On Mi, 2024-09-25 at 22:14 +0200, Marek Vasut wrote:
> The userspace could distribute the frames between the two devices in an 
> alternating manner, can it not ?

This doesn't help with latency, or when converting a single large
frame.

For the deinterlacer, this can't be done with the motion-aware
temporally filtering modes. Those need a field from the previous frame.

> 
> Would the 1280x360 field be split into two tiles vertically and each 
> tile (newly 1280/2 x 360) be enqueued on each VDIC ? I don't think that 
> works, because you wouldn't be able to stitch those tiles back together 
> nicely after the deinterlacing, would you? I would expect to see some 
> sort of an artifact exactly where the two tiles got stitched back 
> together, because the VDICs are unaware of each other and how each 
> deinterlaced the tile.

I was thinking horizontally, two 640x720 tiles side by side. 1280 is
larger than the 968 pixel maximum horizontal resolution of the VDIC.

As you say, splitting vertically (which would be required for 1080i)
should cause artifacts at the seam due to the 4-tap vertical filter.

[...]
> > 
> > With the rigid V4L2 model though, where memory handling, parameter
> > calculation, and job scheduling of tiles in a single frame all have to
> > be hidden behind the V4L2 API, I don't think requiring userspace to
> > combine multiple mem2mem video devices to work together on a single
> > frame is feasible.
> 
> If your concern is throughput (from what I gathered from the text 
> above), userspace could schedule frames on either VDIC in alternating 
> manner.

Both throughput and latency.

Yes, alternating to different devices would help with throughput where
possible, but it's worse for frame pacing, a hassle to implement
generically in userspace, and it's straight up impossible with temporal
filtering.

> I think this is much better and actually generic approach than trying to 
> combine two independent devices on kernel level and introduce some sort 
> of scheduler into kernel driver to distribute jobs between the two 
> devices. Generic, because this approach works even if either of the two 
> devices is not VDIC. Independent devices, because yes, the MX6Q IPUs are 
> two independent blocks, it is only the current design of the IPUv3 
> driver that makes them look kind-of like they are one single big device, 
> I am not happy about that design, but rewriting the IPUv3 driver is way 
> out of scope here. (*)

The IPUs are glued together at the capture and output paths, so yes,
they are independent blocks, but also work together as a big device.

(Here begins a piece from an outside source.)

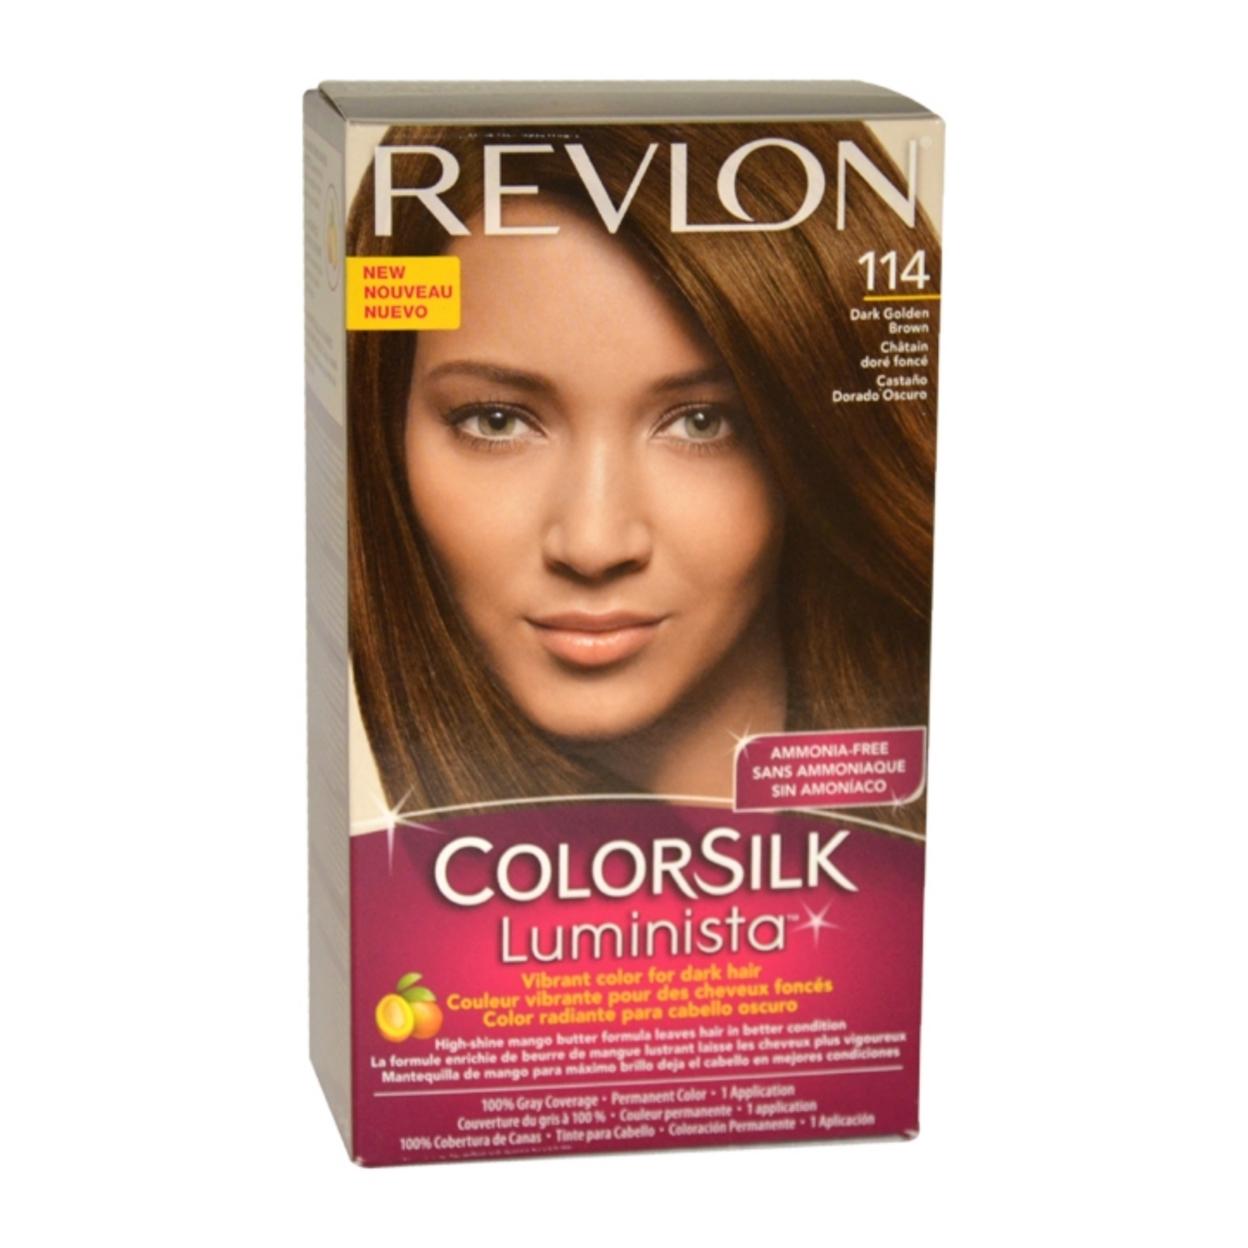 colorsilk Luminista #114 Dark Golden Brown by Revlon for Women - 1 Application Hair Color 583c6a3fe2246159f435b029

> > Is limiting different users to the different deinterlacer hardware
> > units a real usecase? I saw the two ICs, when used as mem2mem devices,
> > as interchangeable resources.
> 
> I do not have that use case, but I can imagine it could come up.
> In my case, I schedule different cameras to different VDICs from 
> userspace as needed.

Is this just because a single VDIC does not have enough throughput to
serve all cameras, or is there some reason for a fixed assignment
between cameras and VDICs?

> > > > To be fair, we never implemented that for the CSC/scaler mem2mem device
> > > > either.
> > > 
> > > I don't think that is actually a good idea. Instead, it would be better
> > > to have two scaler nodes in userspace.
> > 
> > See above, that would make it impossible (or rather unreasonably
> > complicated) to distribute work on a single frame to both IPUs.
> 
> Is your concern latency instead of throughput ? See my comment in 
> paragraph (*) .

Either, depending on the use case.

[...]
> > > > 
> > > https://git.kernel.org/pub/scm/linux/kernel/git/torvalds/linux.git/tree/drivers/staging/media/imx/imx-media-vdic.c#n207
> > 
> > That code is unused. The direct hardware path doesn't use
> > IPUV3_CHANNEL_MEM_VDI_PREV/CUR/NEXT, but is has a similar effect, half
> > of the incoming fields are dropped. The setup is vdic_setup_direct().
> 
> All right, let's drop that unused code then, I'll prepare a patch.

Thanks!

> But it seems the bottom line is, the VDI direct mode does not act as a 
> frame-rate doubler ?

Yes, it can't. In direct mode, VDIC only receives half of the fields.

[...]
> > > 
> Why would adding the (configurable) frame-rate doubling mode break 
> userspace if this is not the default ?

I'm not sure it would. Maybe there should be a deinterlacer control to
choose between full and half field rate output (aka frame doubling and
1:1 input to output frame rate).

Also, my initial assumption was that currently there is 1:1 input
frames to output frames. But with temporal filtering enabled there's
already one input frame (the first one) that doesn't produce any
output.

> > > > If we don't start with that supported, I fear userspace will make
> > > > assumptions and be surprised when a full rate mode is added later.
> > > 
> > > I'm afraid that since the current VDI already does retain input frame
> > > rate instead of doubling it, the userspace already makes an assumption,
> > > so that ship has sailed.
> > 
> > No, this is about the deinterlacer mem2mem device, which doesn't exist
> > before this series.
> 
> I am not convinced it is OK if the direct VDI path and mem2mem VDI 
> behave differently, that would be surprising to me as a user ?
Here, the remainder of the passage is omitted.